══ EXERCISE MATERIAL

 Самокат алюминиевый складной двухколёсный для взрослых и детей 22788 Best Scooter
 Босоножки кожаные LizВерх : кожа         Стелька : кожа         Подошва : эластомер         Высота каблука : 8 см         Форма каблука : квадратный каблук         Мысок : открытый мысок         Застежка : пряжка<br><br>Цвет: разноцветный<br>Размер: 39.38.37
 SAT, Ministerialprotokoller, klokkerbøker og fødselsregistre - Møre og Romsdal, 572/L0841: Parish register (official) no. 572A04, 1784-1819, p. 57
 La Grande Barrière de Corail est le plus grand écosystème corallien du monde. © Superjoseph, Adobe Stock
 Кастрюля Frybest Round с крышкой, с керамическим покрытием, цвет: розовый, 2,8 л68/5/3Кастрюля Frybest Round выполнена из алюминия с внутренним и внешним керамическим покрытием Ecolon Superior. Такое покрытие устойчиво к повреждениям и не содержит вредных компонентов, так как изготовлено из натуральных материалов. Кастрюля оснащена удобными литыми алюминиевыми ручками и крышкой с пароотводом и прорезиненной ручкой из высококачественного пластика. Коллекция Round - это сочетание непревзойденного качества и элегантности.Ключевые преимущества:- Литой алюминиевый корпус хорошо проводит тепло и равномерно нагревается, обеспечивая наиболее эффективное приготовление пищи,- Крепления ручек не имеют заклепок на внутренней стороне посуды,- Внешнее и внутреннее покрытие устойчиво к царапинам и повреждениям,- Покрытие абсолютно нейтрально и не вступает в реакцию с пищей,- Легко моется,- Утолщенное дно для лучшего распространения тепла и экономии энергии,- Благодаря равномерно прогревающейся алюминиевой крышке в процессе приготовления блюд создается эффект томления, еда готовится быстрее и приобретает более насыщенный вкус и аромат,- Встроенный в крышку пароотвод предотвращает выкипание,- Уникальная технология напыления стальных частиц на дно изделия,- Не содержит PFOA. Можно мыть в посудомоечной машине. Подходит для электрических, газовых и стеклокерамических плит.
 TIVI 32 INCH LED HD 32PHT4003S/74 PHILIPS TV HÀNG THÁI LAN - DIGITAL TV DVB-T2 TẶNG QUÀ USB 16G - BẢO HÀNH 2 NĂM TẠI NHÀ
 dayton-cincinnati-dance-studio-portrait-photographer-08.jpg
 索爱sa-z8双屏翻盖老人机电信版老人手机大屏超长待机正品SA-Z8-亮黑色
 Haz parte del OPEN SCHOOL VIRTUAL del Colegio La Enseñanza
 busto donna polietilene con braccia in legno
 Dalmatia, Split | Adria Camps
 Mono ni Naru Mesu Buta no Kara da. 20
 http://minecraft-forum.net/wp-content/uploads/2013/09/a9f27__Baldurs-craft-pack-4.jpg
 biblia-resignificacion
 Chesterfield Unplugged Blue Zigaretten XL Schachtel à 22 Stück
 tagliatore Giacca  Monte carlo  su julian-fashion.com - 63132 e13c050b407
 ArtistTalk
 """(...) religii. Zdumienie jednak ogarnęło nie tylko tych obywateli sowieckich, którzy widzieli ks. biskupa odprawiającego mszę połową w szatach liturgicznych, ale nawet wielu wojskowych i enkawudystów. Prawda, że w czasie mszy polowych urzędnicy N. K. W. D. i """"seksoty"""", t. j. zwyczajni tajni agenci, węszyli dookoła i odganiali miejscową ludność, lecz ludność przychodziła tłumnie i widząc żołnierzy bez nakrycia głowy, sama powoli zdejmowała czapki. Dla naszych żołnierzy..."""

════

*WHAT THIS TASK INVOLVES*: Only the lines from the first line of the material above through the line that contains "La Grande Barrière" should be quoted, each one exactly.

*EXERCISE RESPONSE*:
 Самокат алюминиевый складной двухколёсный для взрослых и детей 22788 Best Scooter
 Босоножки кожаные LizВерх : кожа         Стелька : кожа         Подошва : эластомер         Высота каблука : 8 см         Форма каблука : квадратный каблук         Мысок : открытый мысок         Застежка : пряжка<br><br>Цвет: разноцветный<br>Размер: 39.38.37
 SAT, Ministerialprotokoller, klokkerbøker og fødselsregistre - Møre og Romsdal, 572/L0841: Parish register (official) no. 572A04, 1784-1819, p. 57
 La Grande Barrière de Corail est le plus grand écosystème corallien du monde. © Superjoseph, Adobe Stock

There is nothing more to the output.